* [Exercise]: A word-for-word retyping of the listing below is required, with the pictures dropped.

* [Data excerpt]:

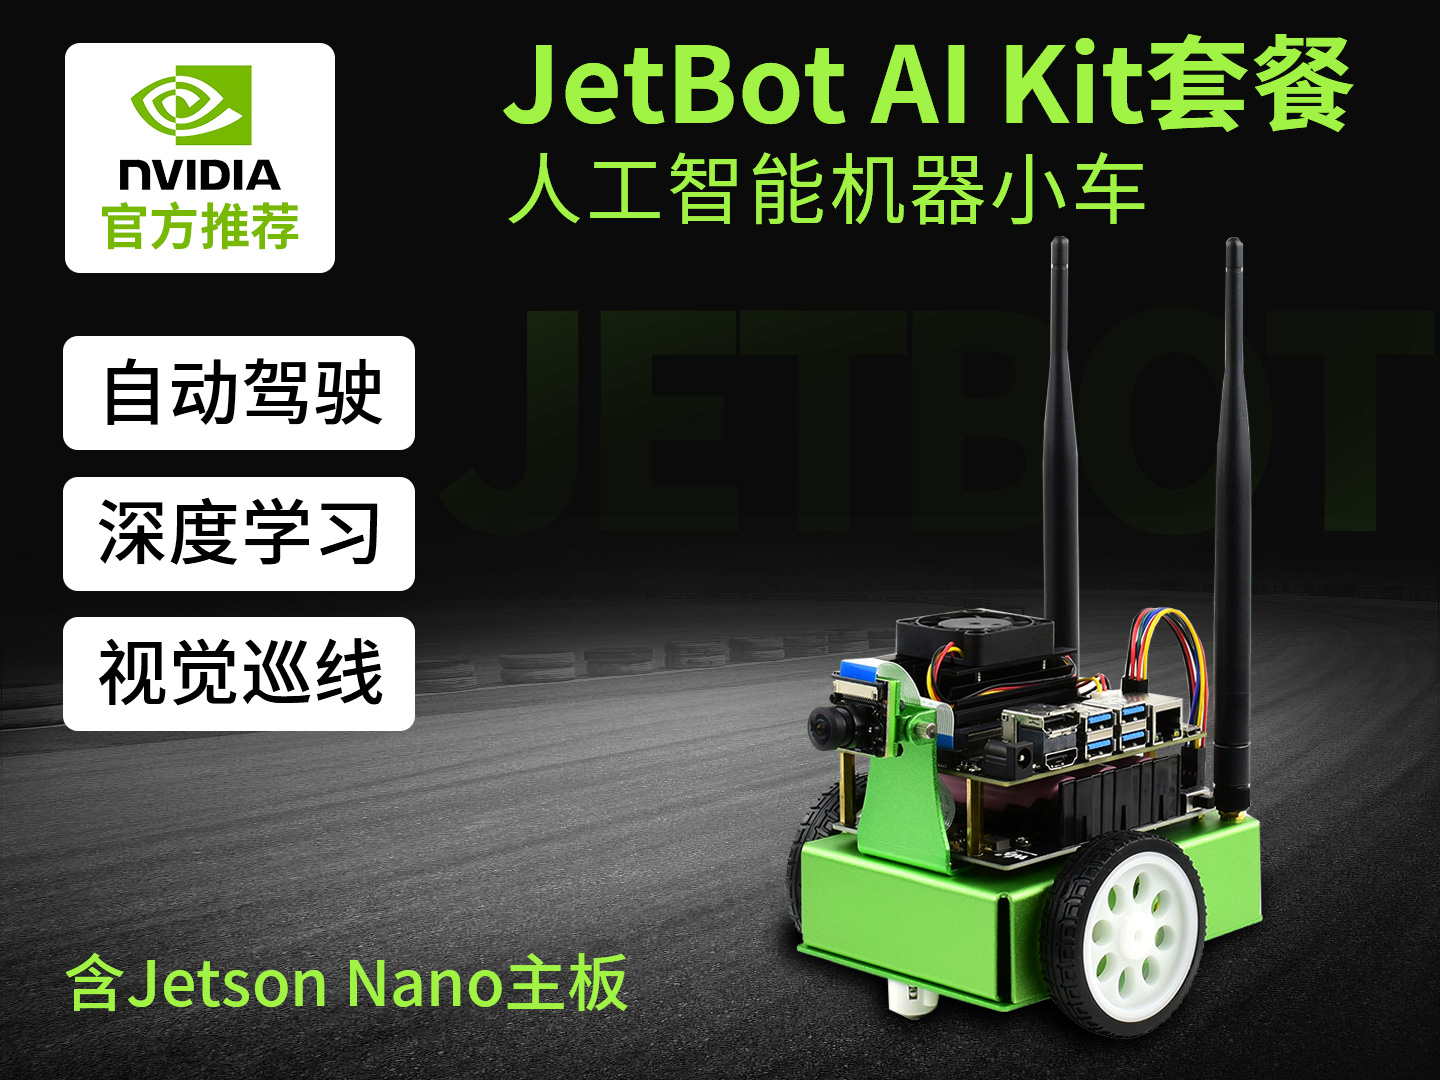 NVIDIA官方推荐JetBot AI Kit人工智能机器车 套餐B(含微雪Jetson Nano套件)
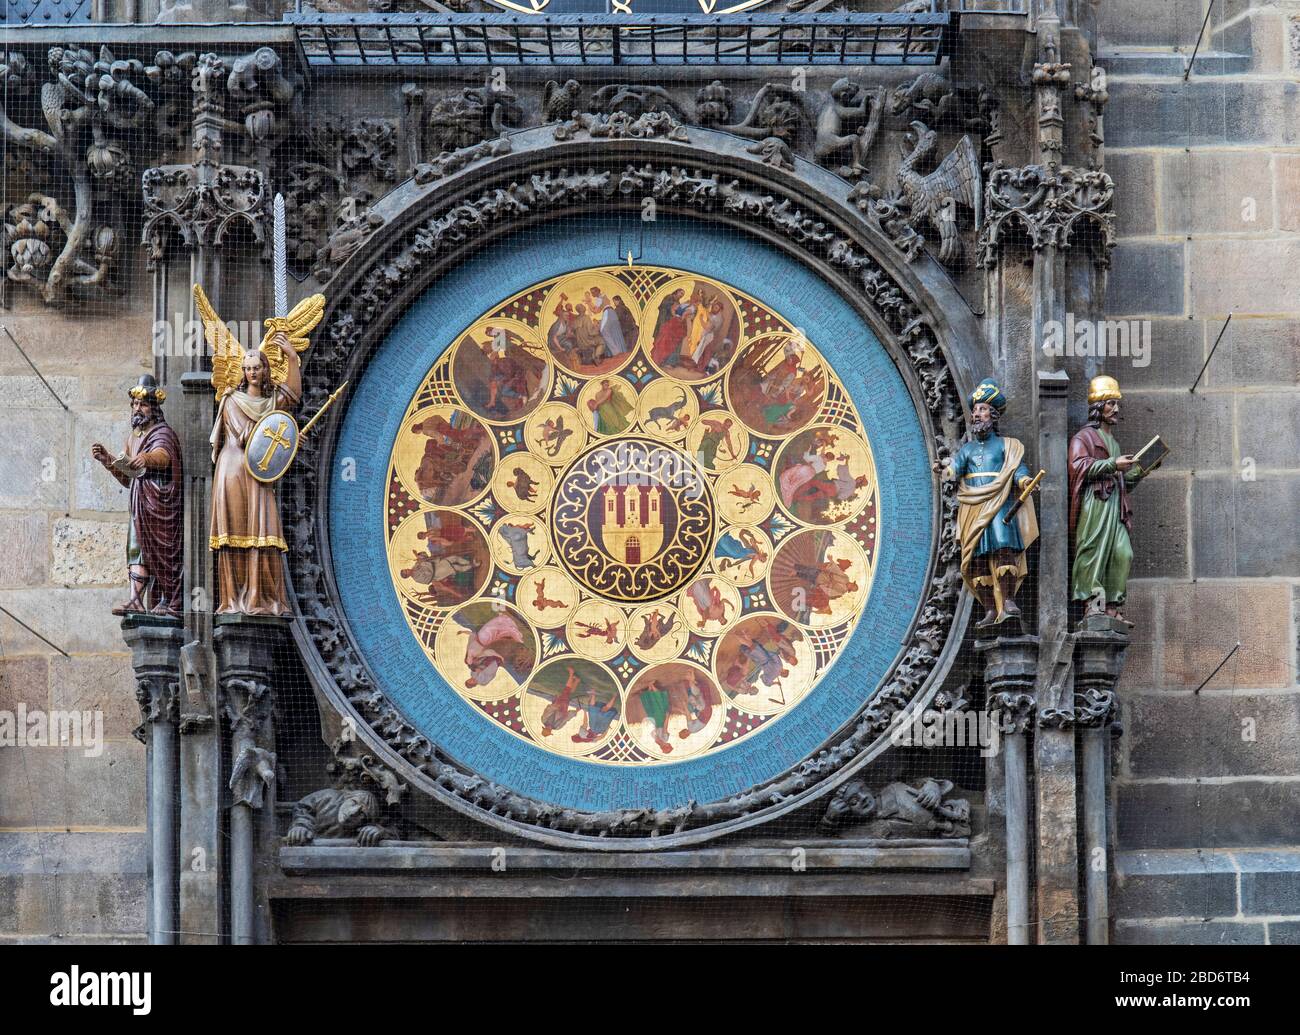 Astronomische Uhr am Altstädter Rathaus, Prag, Tscechische Republik Foto Stock
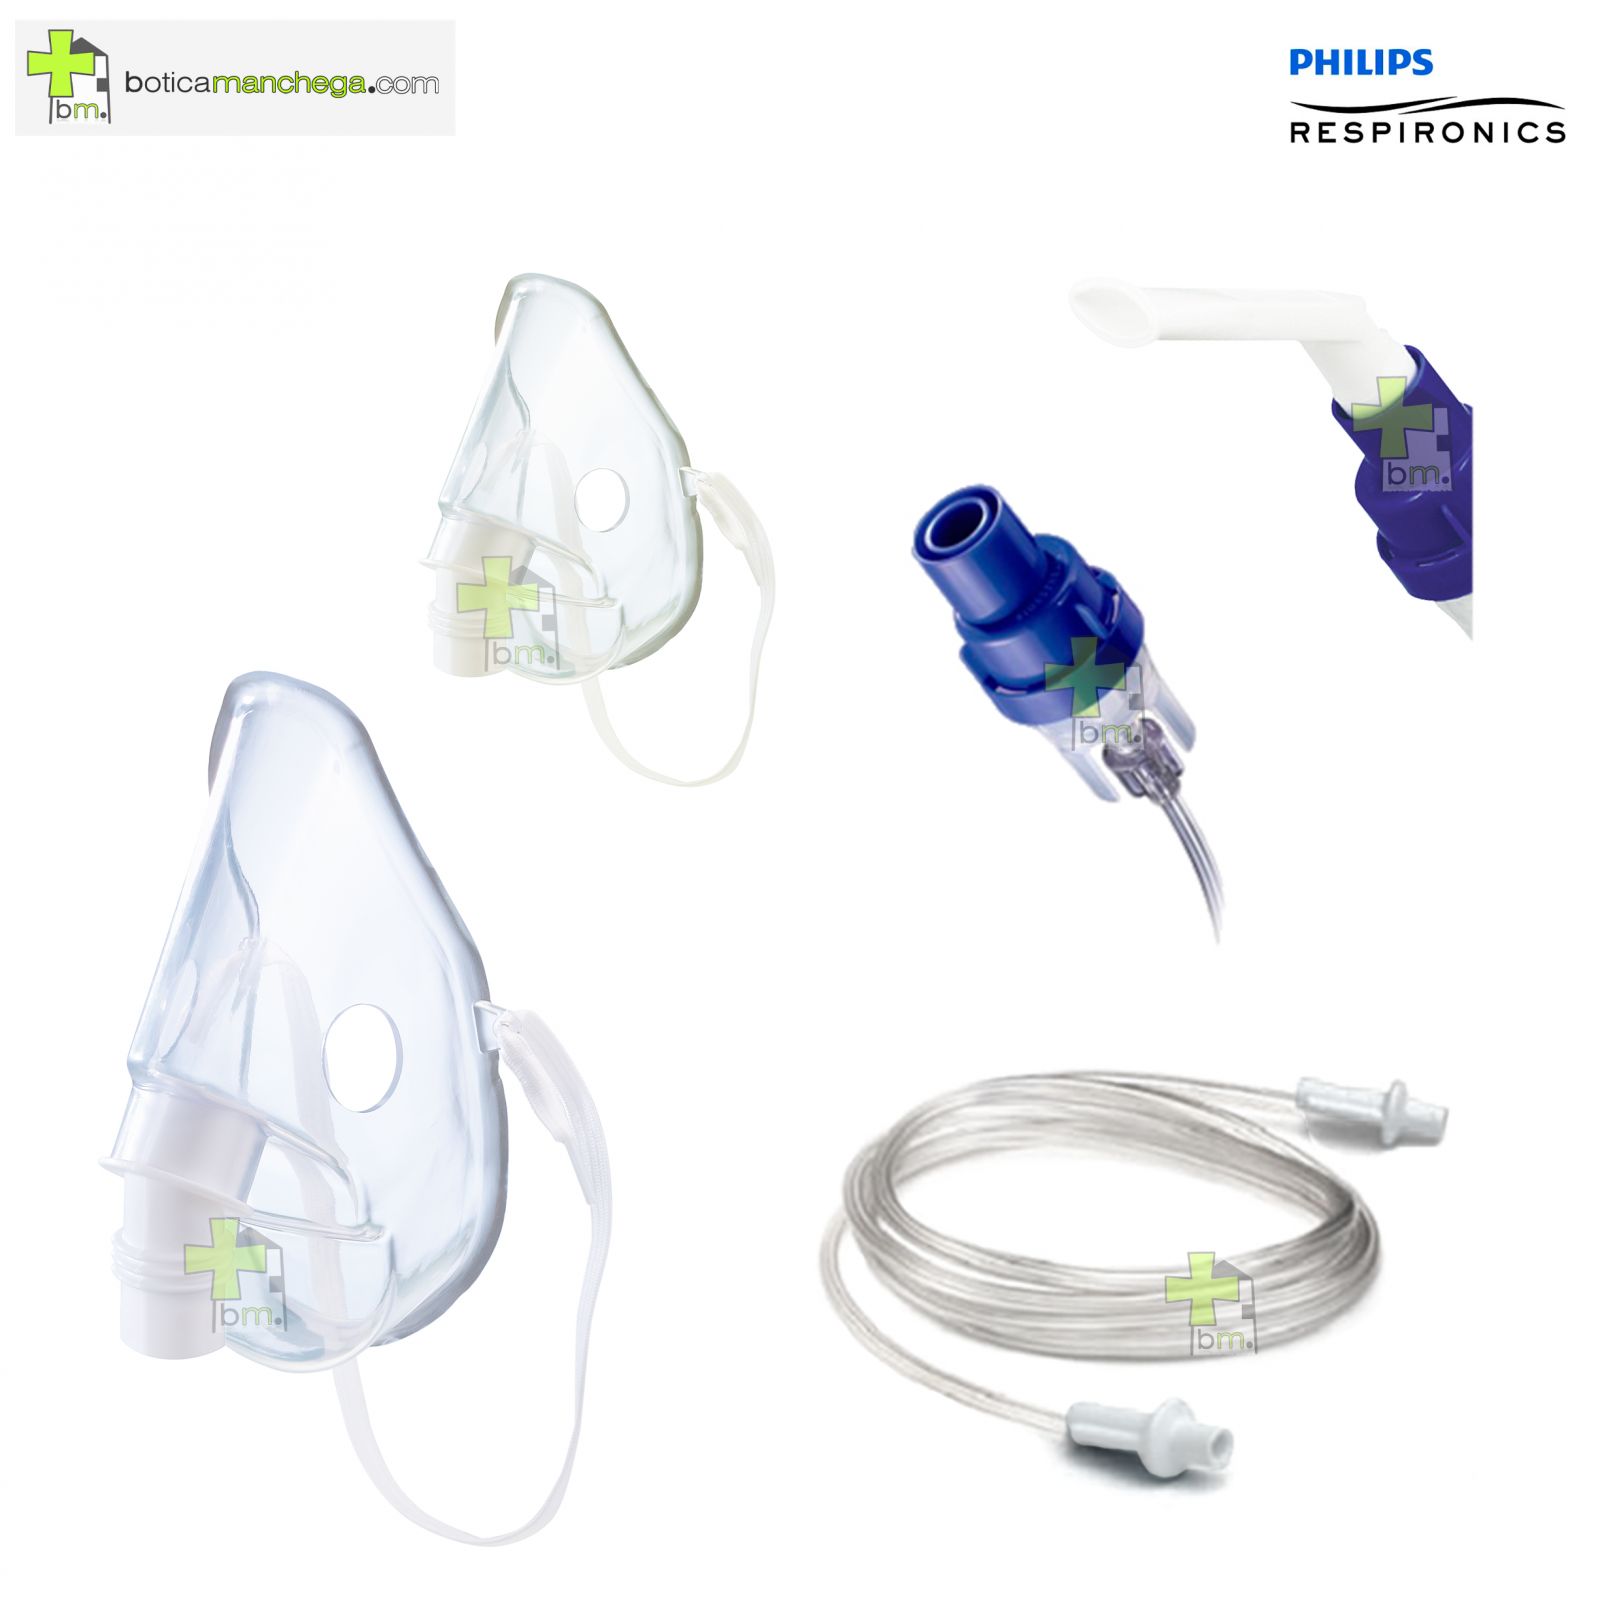 Philips Respironics Kit Nebulizador SideStream Accesorios
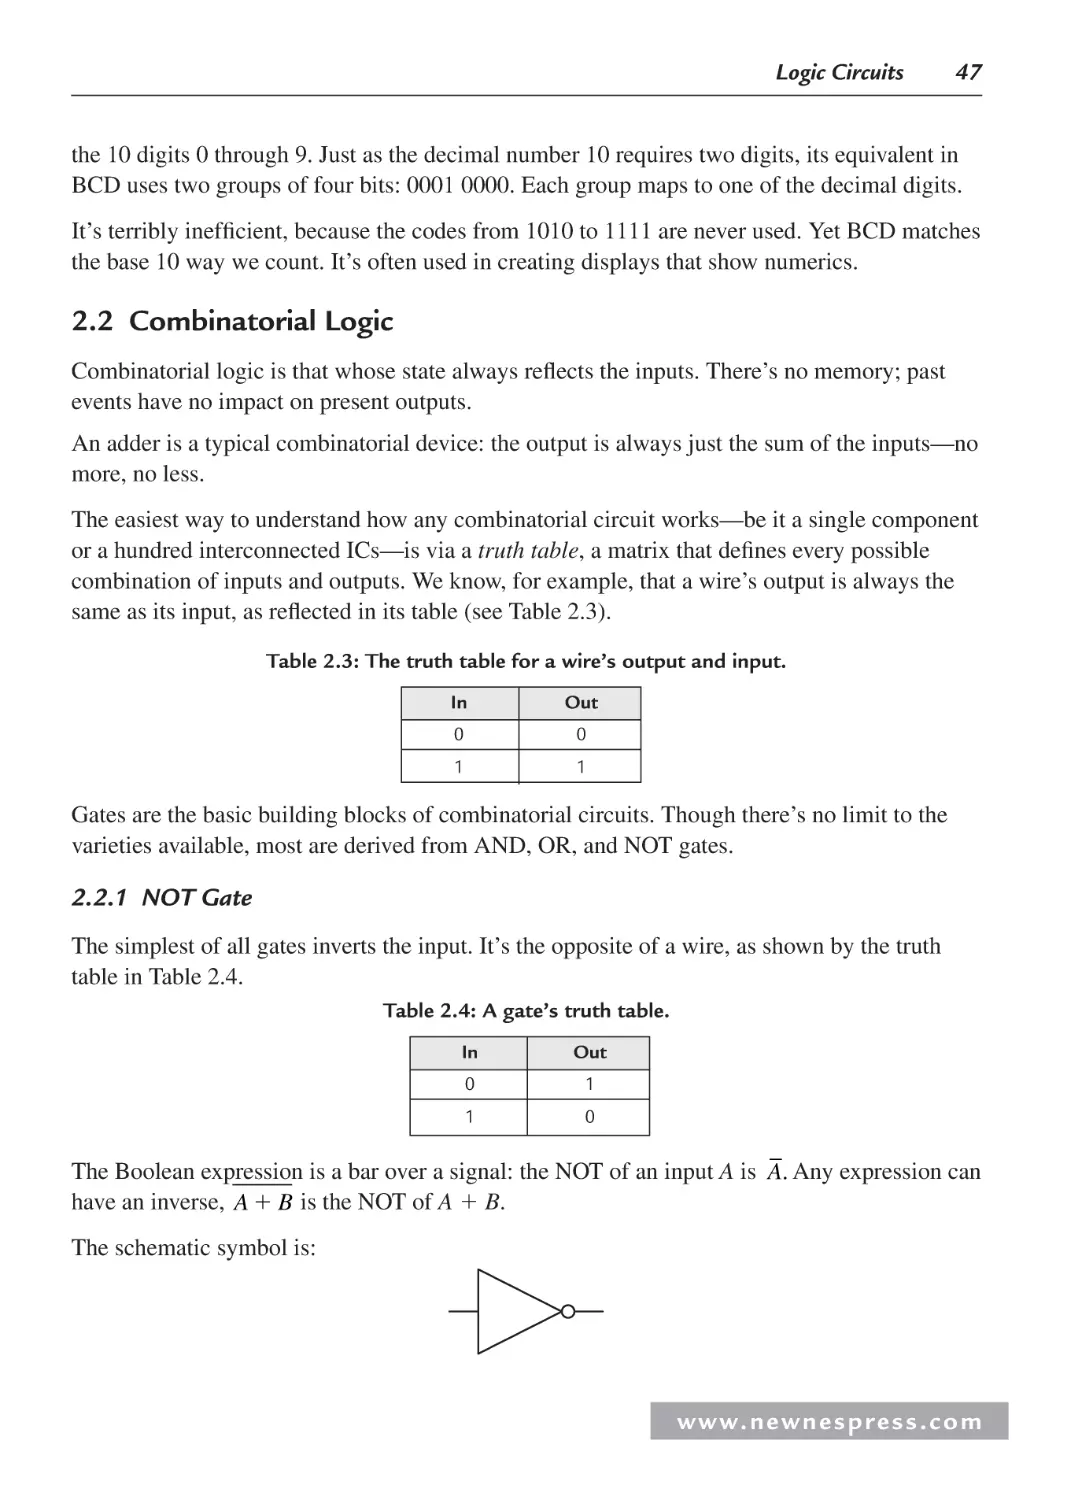 2.2 Combinatorial Logic

* [Final answer]:
 NVIDIA官方推荐JetBot AI Kit人工智能机器车 套餐B(含微雪Jetson Nano套件)
 Astronomische Uhr am Altstädter Rathaus, Prag, Tscechische Republik Foto Stock
 Philips Respironics Kit Nebulizador SideStream Accesorios
 2.2 Combinatorial Logic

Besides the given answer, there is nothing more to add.